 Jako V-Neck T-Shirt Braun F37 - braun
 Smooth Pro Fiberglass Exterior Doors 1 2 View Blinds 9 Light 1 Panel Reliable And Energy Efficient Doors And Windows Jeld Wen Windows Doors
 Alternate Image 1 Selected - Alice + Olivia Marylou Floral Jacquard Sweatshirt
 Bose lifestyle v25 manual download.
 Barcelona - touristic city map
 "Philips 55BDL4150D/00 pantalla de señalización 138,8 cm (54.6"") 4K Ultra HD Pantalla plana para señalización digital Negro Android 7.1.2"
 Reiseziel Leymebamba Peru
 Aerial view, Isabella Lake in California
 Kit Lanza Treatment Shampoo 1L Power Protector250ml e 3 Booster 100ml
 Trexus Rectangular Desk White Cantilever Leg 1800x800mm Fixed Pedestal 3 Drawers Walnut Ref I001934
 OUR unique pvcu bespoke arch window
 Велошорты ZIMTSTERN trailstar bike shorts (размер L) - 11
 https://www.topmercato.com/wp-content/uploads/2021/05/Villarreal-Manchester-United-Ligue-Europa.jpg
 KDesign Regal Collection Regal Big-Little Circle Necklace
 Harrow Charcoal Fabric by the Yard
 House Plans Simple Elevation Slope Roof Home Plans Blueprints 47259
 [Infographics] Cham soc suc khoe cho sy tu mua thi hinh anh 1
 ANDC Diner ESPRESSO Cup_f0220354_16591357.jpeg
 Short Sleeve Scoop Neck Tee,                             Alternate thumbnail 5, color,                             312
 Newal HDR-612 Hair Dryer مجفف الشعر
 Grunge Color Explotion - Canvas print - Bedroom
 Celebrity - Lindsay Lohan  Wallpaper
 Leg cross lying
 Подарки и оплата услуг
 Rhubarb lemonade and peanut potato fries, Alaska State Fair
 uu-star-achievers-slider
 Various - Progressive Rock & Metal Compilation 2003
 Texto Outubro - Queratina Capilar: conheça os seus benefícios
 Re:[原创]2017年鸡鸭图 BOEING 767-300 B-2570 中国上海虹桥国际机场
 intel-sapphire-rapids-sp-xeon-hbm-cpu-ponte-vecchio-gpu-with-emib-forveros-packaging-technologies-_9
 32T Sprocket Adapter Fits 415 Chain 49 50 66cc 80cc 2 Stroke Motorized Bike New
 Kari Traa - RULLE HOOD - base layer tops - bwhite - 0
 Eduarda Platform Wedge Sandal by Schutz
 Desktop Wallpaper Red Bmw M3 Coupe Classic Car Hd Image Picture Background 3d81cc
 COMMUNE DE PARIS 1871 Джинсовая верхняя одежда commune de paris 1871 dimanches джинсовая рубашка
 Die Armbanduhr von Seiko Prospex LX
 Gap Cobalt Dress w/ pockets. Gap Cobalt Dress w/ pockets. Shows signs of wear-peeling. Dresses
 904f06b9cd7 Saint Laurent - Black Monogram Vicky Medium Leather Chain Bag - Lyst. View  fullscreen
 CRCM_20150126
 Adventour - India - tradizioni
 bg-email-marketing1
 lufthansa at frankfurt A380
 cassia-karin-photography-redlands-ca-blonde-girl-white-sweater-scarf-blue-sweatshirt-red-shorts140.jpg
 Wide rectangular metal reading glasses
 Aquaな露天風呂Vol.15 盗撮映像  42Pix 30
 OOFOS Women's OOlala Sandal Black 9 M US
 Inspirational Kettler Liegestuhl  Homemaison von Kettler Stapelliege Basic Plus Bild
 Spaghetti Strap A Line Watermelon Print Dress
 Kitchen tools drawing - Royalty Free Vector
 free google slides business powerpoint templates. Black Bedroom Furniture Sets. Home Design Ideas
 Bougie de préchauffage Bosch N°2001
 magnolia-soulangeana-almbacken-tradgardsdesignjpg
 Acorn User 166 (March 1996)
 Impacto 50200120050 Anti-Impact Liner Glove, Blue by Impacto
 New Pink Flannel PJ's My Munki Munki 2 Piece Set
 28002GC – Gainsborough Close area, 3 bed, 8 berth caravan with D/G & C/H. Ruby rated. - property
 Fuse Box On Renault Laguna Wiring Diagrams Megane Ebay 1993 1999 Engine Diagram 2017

--- Assigned task ---
Which lines of the records above contain the word "Dress"? Report each one in full.

--- Result for this task ---
 Gap Cobalt Dress w/ pockets. Gap Cobalt Dress w/ pockets. Shows signs of wear-peeling. Dresses
 Spaghetti Strap A Line Watermelon Print Dress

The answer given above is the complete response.